Мистер Уорингтон полагал, что у него нет оснований сообщать тетушке о
том, сколь основательно знаком он с ее прошлым, и потому хранил на сей
предмет молчание. Когда они поужинали, тетушка, указав тростью на секретер,
попросила служанку подать ей лежавшее там под чернильницей письмо, и Джордж,
узнав надпись на конверте, понял, что это то самое послание, которое он
привез из дома.
- Судя по этому письму, - сказала старая дама, пристально глядя на
племянника, - после вашего возвращения домой у вас с моей сестрой далеко не
все шло гладко?
- Вот как? Не думал я, что госпожа Эсмонд станет писать вам об этом, -
сказал Джордж.
Баронесса достала огромные очки, и глаза, метавшие когда-то огненные
взгляды и воспламенившие немало сердец, на минуту приковались к письму;
затем она протянула его Джорджу, и он прочел следующее:

"Ричмонд, Виргиния,

26 декабря 1766 года

Милостивая государыня и сестра! Спешу с благодарностью уведомить Вас,
что письмо Вашей милости от 23 октября сего года доставлено мне нынче с
пакетботом "Роза", и я незамедлительно отвечаю Вам в эти праздничные дни,
кои должны были быть исполнены мира и благоволения для всех, однако мы, по
воле неба, и в эти дни несем наше бремя земных печалей и тревог. Мое
ответное послание доставит Вам мой старший сын - мистер Джордж
Эсмонд-Уорингтон, самым чудесным образом возвратившийся к нам из Долины
Теней (о чем уже был уведомлен в предыдущих письмах мой бедный Генри) и
пожелавший, не без моего на то согласия, посетить Европу, хотя он и пробыл с
нами весьма недолго. Я очень опечалена тем, что судьбе было угодно, чтобы
мой дражайший Гарри появился на родине, - я имею в виду в Англии, - так
сказать, под чужой личиной и был представлен его величеству, всей моей родне
и родне его отца в качестве наследника отцовского состояния, в то время как
мой дорогой сын Джордж был жив, хотя мы и считали его умершим. Ах, сударыня!
Какие муки разрывали сердце матери и брата в течение этих полутора лет его
плена! Мой Гарри - нежнейшее существо из всех живущих на земле. Радость при
виде мистера Эсмонда-Уорингтона, возвращенного к жизни, заставит его забыть
о суетной мирской утрате постигшей его самого. Он не будет слишком страдать,
оказавшись, - весьма относительно, конечно, - в положении бедняка.

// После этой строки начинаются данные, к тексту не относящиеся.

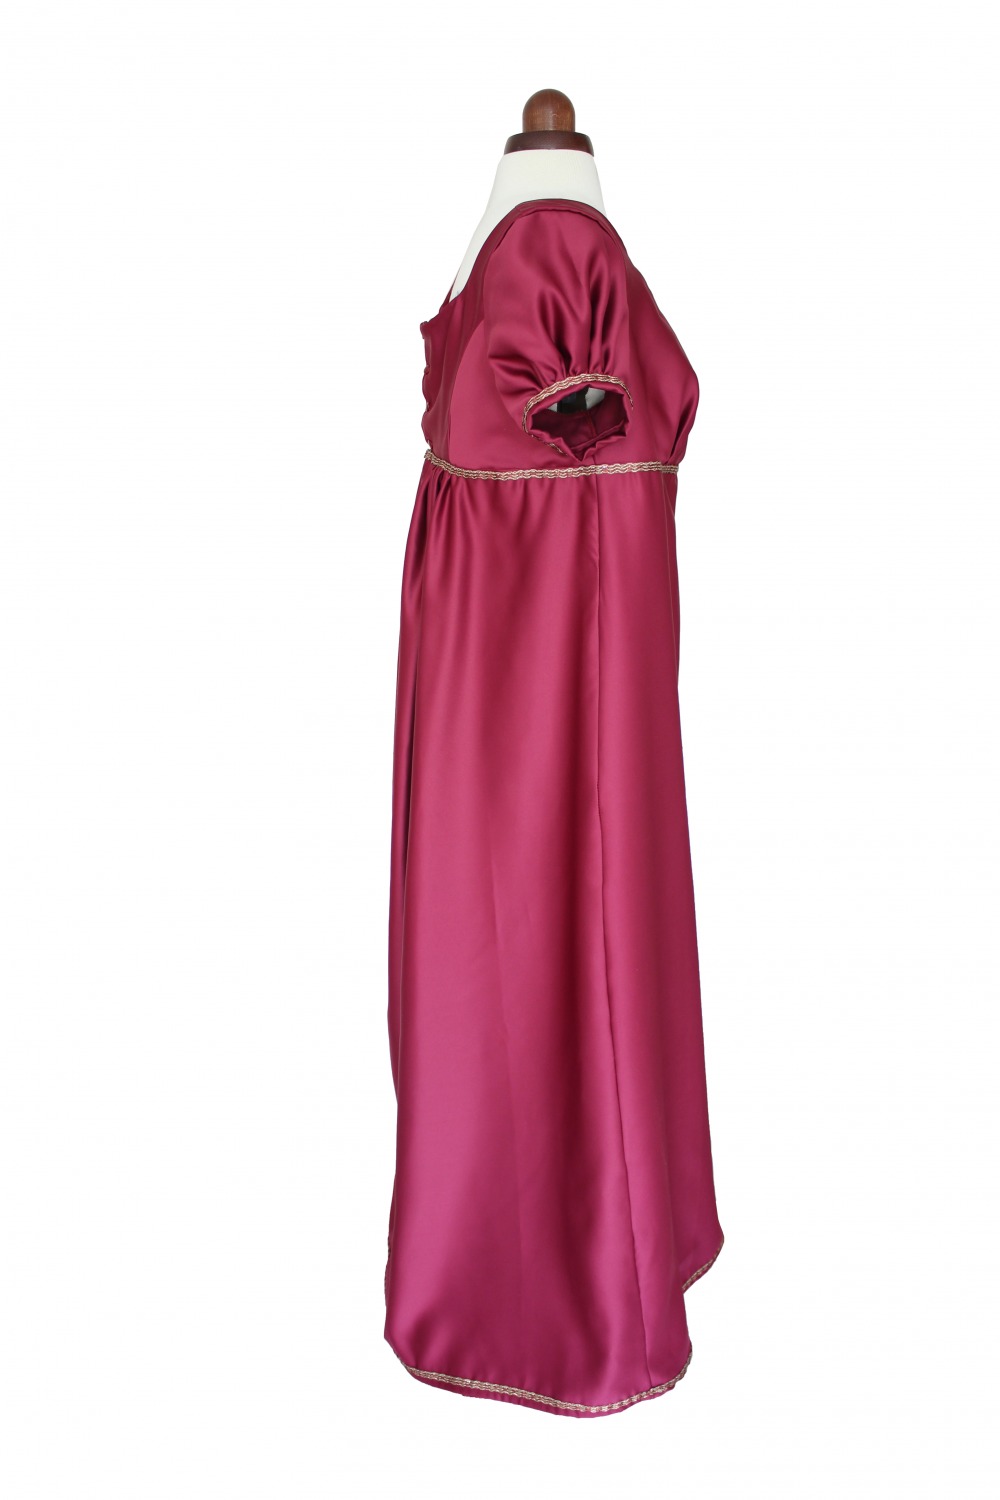 Ladies 18th 19th Century Regency Jane Austen Costume Evening Gown Size 16 - 18 Image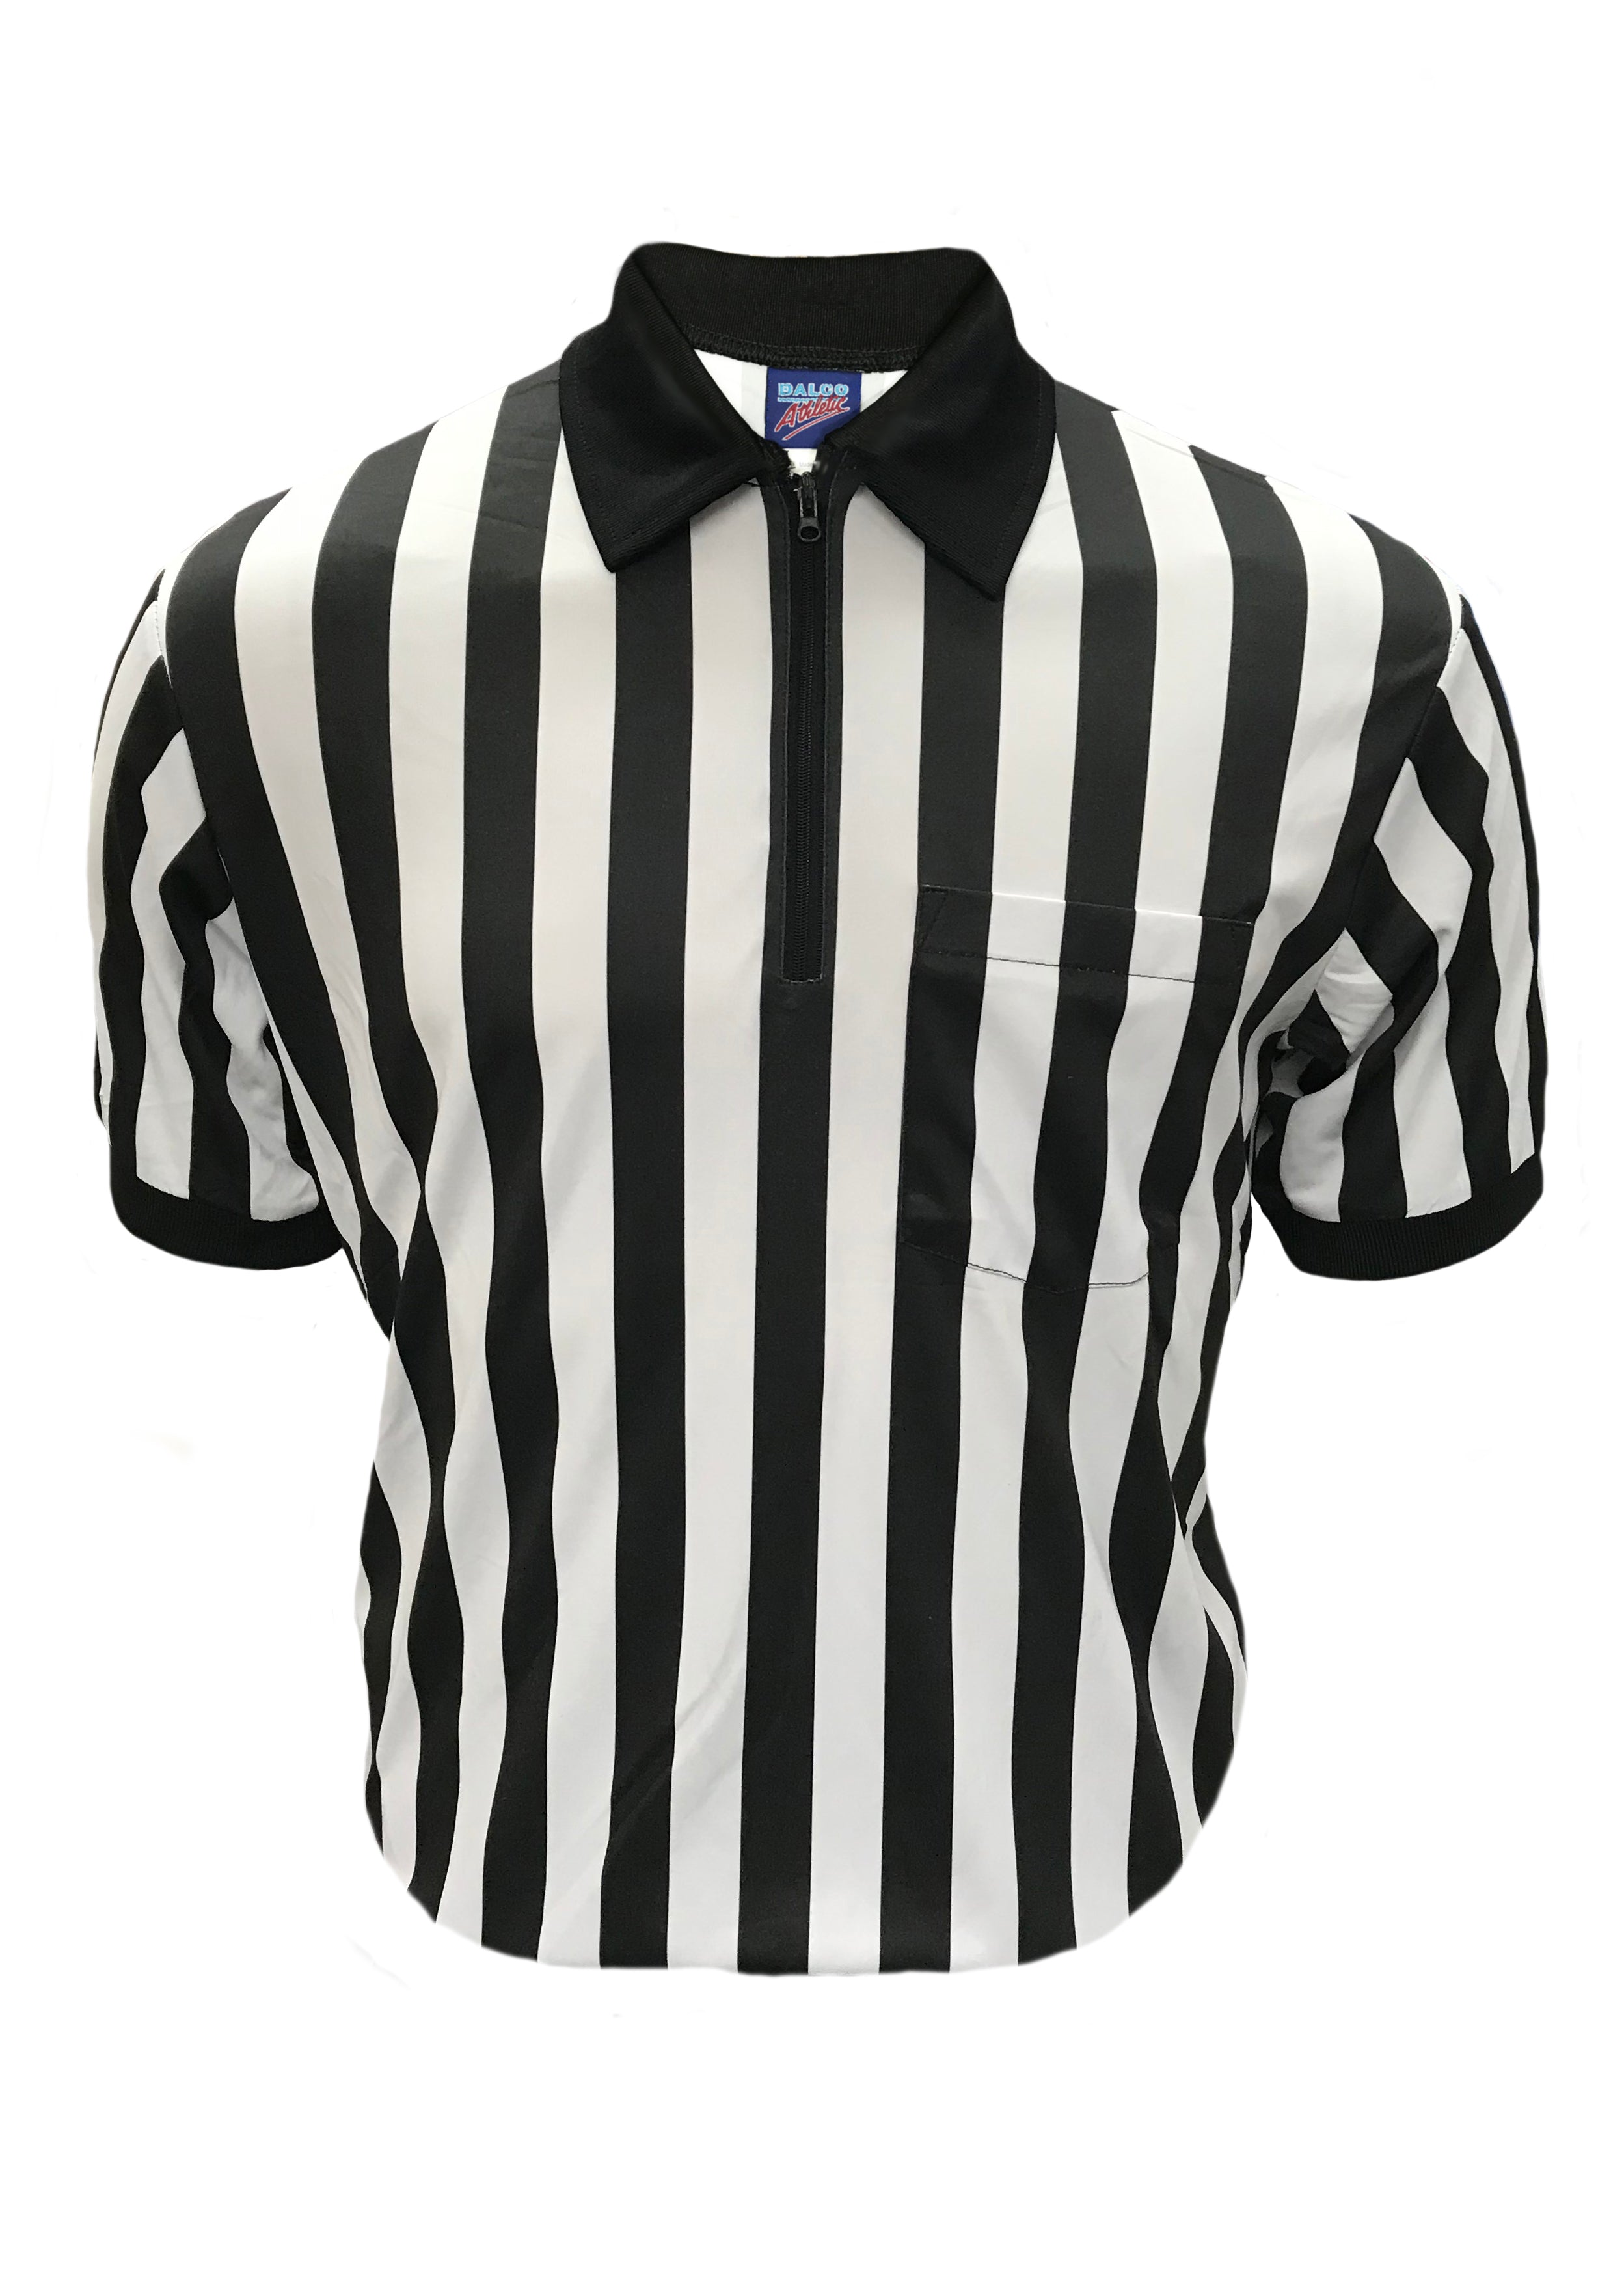 Rawlings Men's Football Referee Jersey

Самый
великодушный из людей и самый покорный из сыновей, он охотно отдаст своему
старшему брату наследство, которое досталось бы ему, если бы не случайность
рождения и не чудесное спасение моего сына Джорджа, возвратившегося к нам по
воле провидения.
Ваше благорасположение к моему дражайшему Гарри особенно дорого нам
сейчас, когда его доля наследства, как младшего сына, становится ничтожной!
Много лет назад нам представлялась весьма заманчивая возможность прочно
укрепить его положение в наших краях; сейчас он был бы уже хозяином крупного
поместья со значительным количеством негров-рабов и влиятельной фигурой в
наших кругах, если бы в свое время посчитались с желанием матери и небольшое
состояние, оставленное ему отцом и помещенное под скромные проценты в
английские бумаги, было бы использовано для этого необычайно выгодного
приобретения. Но юридические формальности и, как ни грустно мне в этом
признаваться, сомнения, выраженные моим старшим сыном, одержали верх, и
великолепный случай был упущен! Гарри убедится в том, что его личный доход
тщательно сберегался и накапливался, - да будет его жизнь долгой, долгой и
да принесут эти сбережения ему радость! И да благословит небо Вас, дорогая
сестрица, за все то, что Ваша милость соблаговолит добавить к его небольшому
капиталу! Как я заключила из Вашего письма, назначенное Гарри содержание не
могло покрыть его расходов в том избранном обществе, в котором он вращался
(а внук маркиза Эсмонда, уже почти ставший его наследником, само собой
разумеется, имеет право быть принят как равный в любом кругу английской
знати), и посему, располагая некоторой суммой, давно предназначенной мной
для моего дорогого дитяти, я доверила часть ее моему старшему сыну,
искренне, надо отдать ему справедливость, привязанному к своему брату, и
поручила ему распорядиться этими деньгами с наибольшей выгодой для Гарри".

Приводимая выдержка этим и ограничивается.